時間一分一秒過去,劉富貴心中不安越演越烈。該不會都出事了吧?王猛那小子刀法夠好,可是性子跳脫;燕起看上去老成但終歸年輕;李華媛麽,不知道深淺。這幾人出什麽么蛾子或在情理中,但丹堂的溫師姐......劉富貴摸著下巴,經驗足性子穩修為高,總不會也出事了吧。
“咦?”思量間一道曼妙身影急速奔來,劉富貴喜道:“溫師姐,你來啦!”
溫妙卿喘著氣,“就你一人到麽?”
“可不就俺一人。”
劉富貴面現愁容,溫妙卿安慰道:“等等吧,也許路上耽擱了。”
兩人對視一眼,目中皆是苦澀。這次屠魔會,因為三大魔門有了鬼谷高人製出的地圖,正道弟子不覺中已被危險包圍。

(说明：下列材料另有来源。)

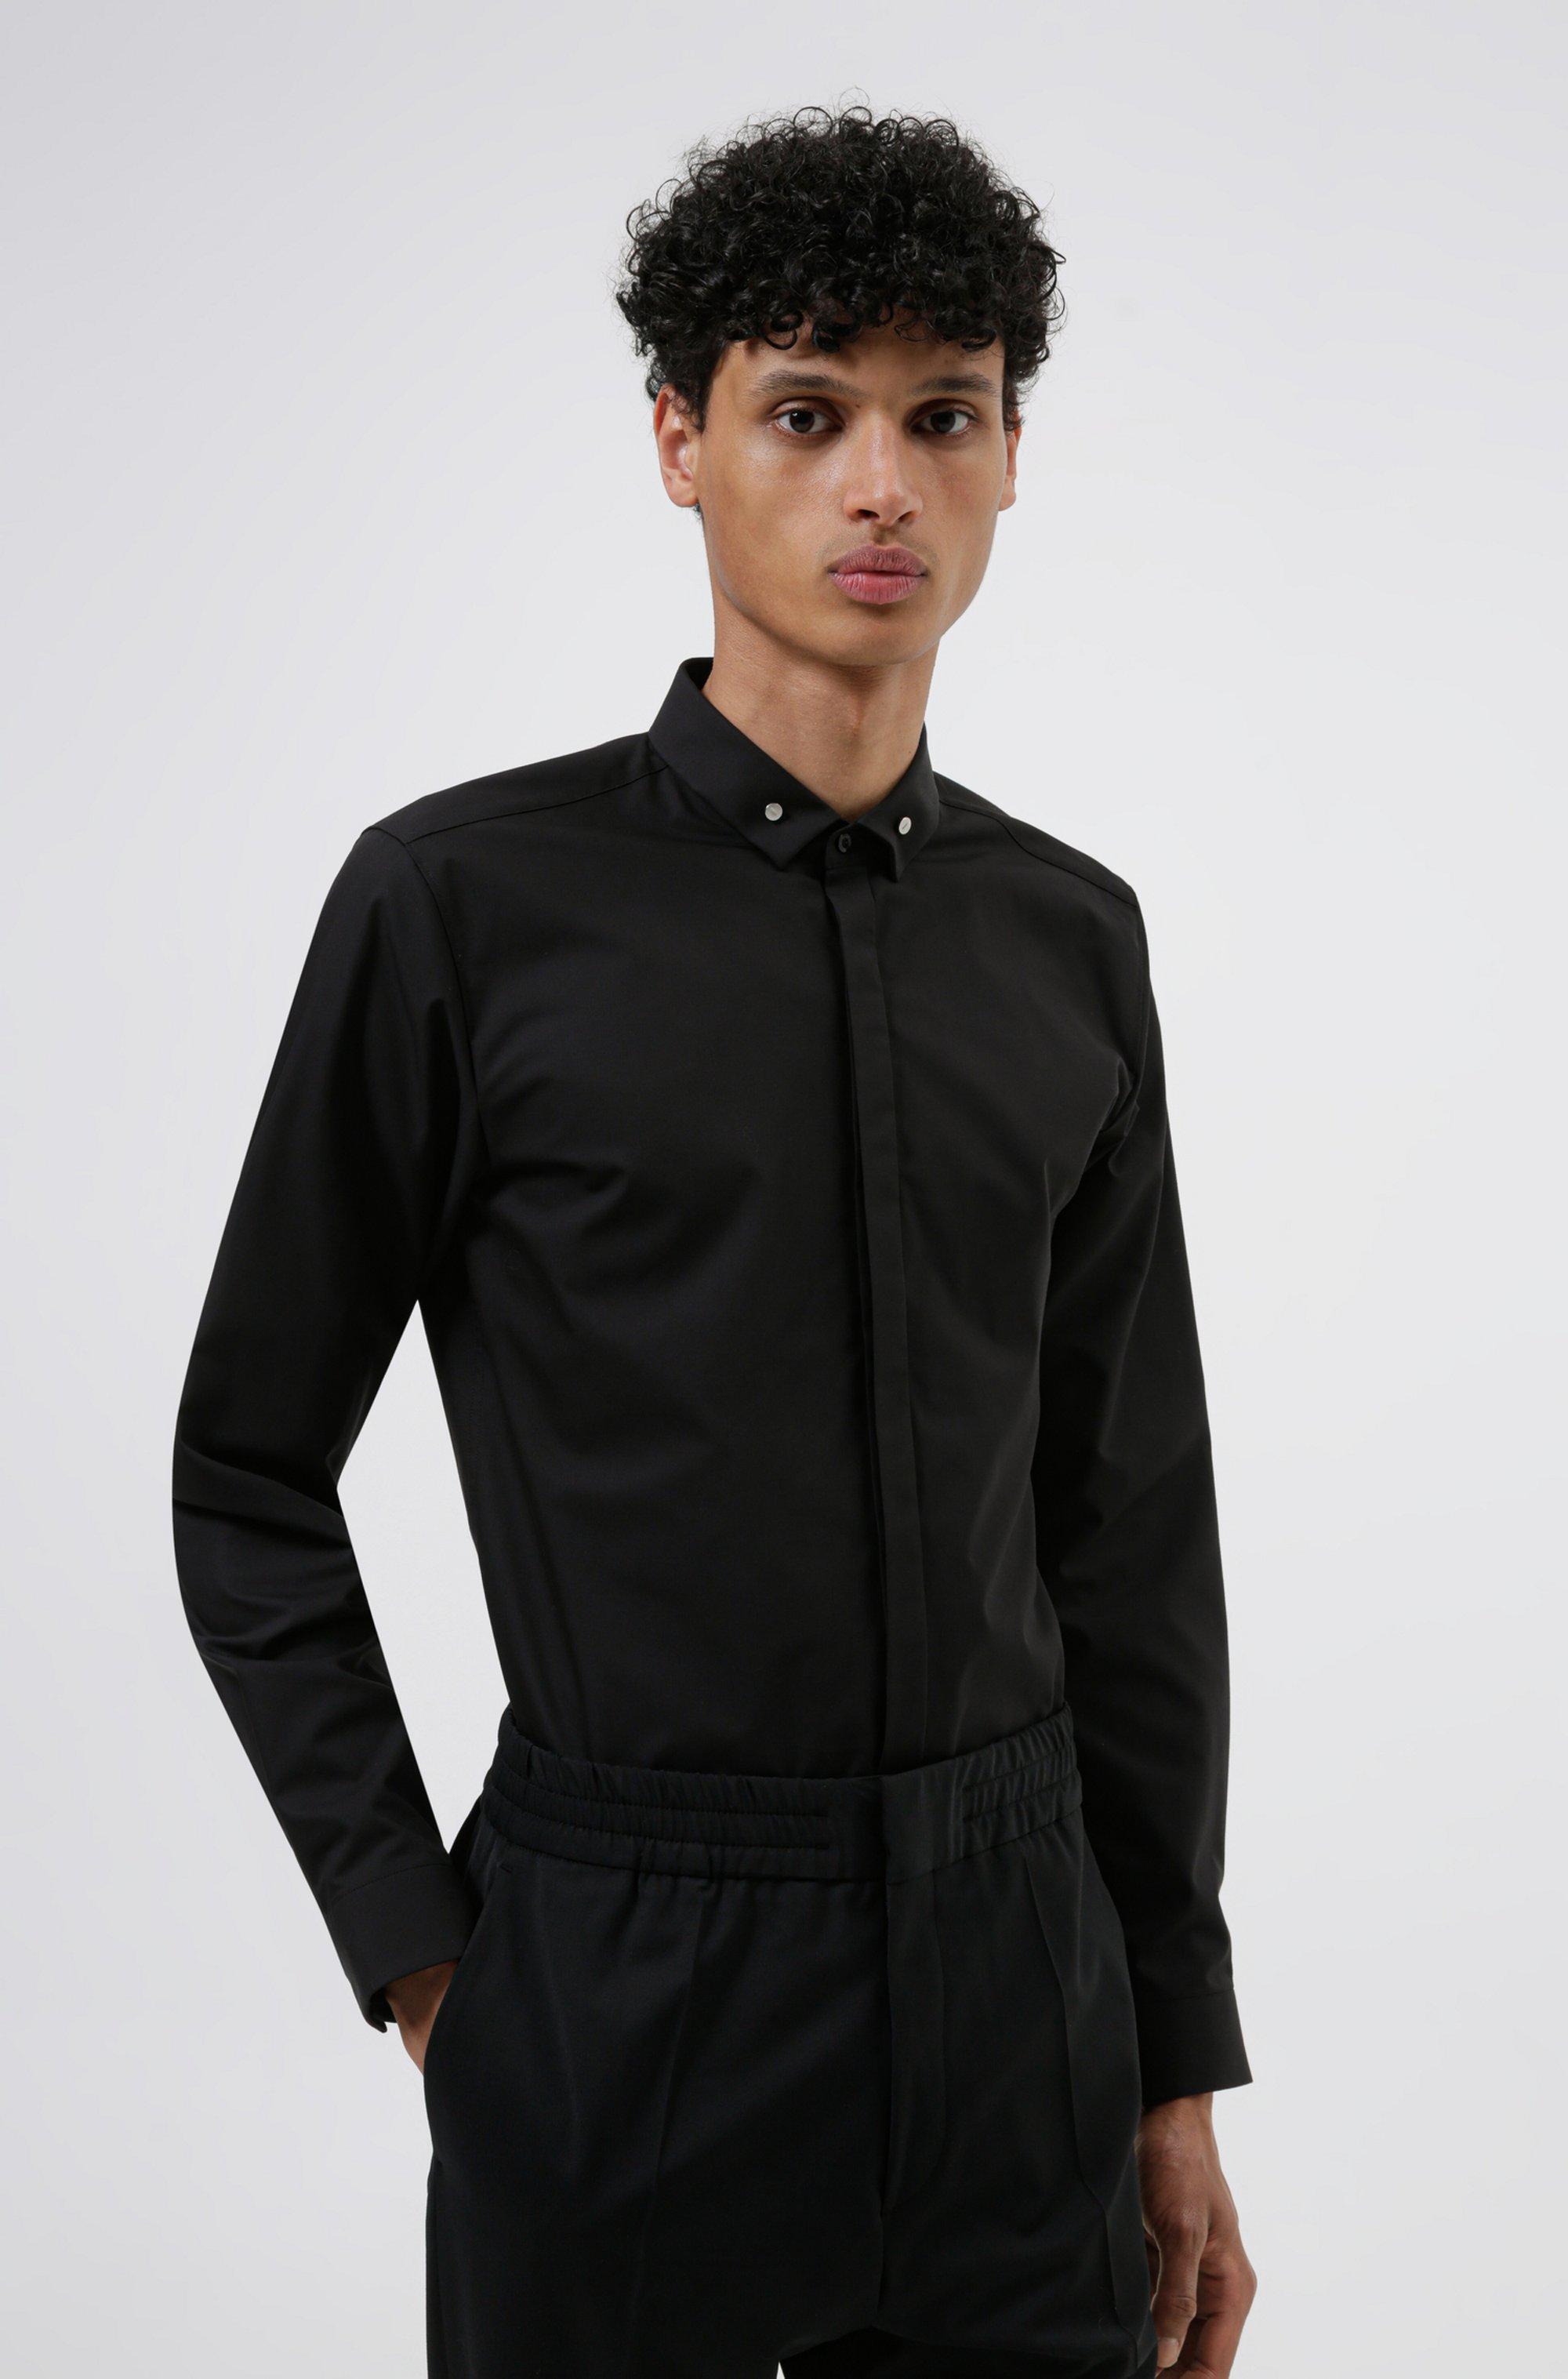 BOSS by HUGO BOSS Cotton Easy Iron Extra Slim Fit Shirt With Collar Studs  in Black for Men - Lyst

若這六十六名來自各大派和中原各地散修門下的弟子被一網打盡,正道武林將元氣大傷。可以想象若乾年後的正魔大戰上,正道武林因為頂尖人才後繼不力而落於下風。
“魔人打得一副好算盤。”劉富貴心有戚戚。
“是啊。”溫妙卿若有所思。
李華媛與燕起不多時終於結伴來到,看著兩人興高采烈的樣子,劉富貴勾了勾大拇指,說道:“你們兩個一直在一起行動?”
燕起拍向那雙肥膩的大手,說道:“劉師兄想多了,路上碰見的。”
溫妙卿愁眉不展,歎道:“王猛還是沒來。”
“是啊,都過了子時了。”
溫妙卿斷然道:“不能再等了,我們把這五天的遭遇分別說說。”
眾人一番分說後,溫妙卿總結道:“除了李師妹整天追著江南劍宗弟子沒遇到魔人外,我們三個都或多或少均遇到魔人襲擊。”

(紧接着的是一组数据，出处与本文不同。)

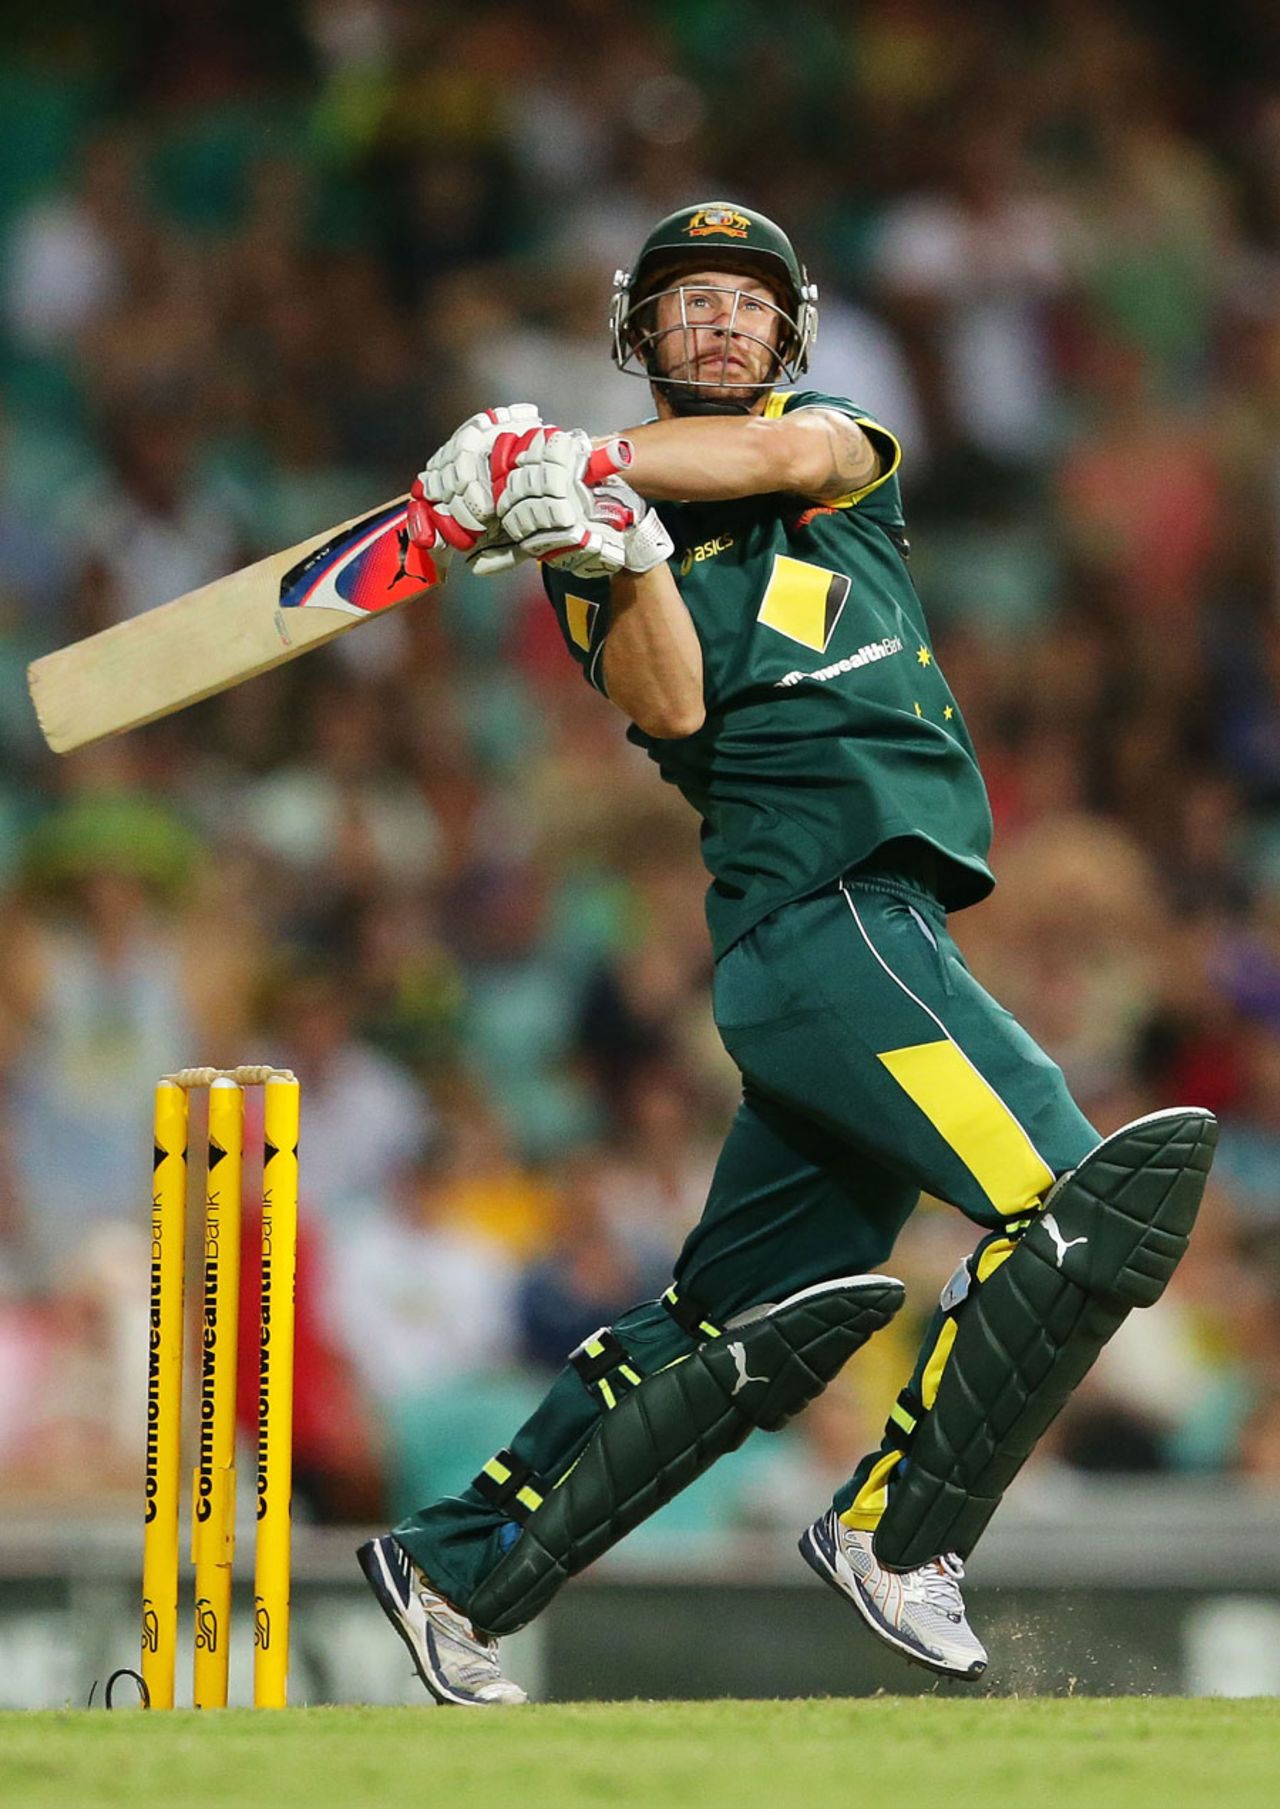 Matthew Wade knocked off quick runs at the end, Australia v West Indies, 4th ODI, Sydney, February 8, 2013

劉富貴點頭,說道:“蹊蹺,落月峽谷有百裡長,散布著一百三十二人。偏生我們正道弟子沒見著多少,反是魔門中人不斷出現。”
“顯而易見,魔門此次不為其他,旨在殺人。”溫妙卿憂慮道,“哎,不知王猛師弟此時身在何處,安危如何。”
李華媛道:“找他去。”
她爽快,劉富貴犯了難。不是說劉胖子一心隻想著自身的得失,而是找人從來是門技術活,何況在這變幻莫測的落月峽谷中。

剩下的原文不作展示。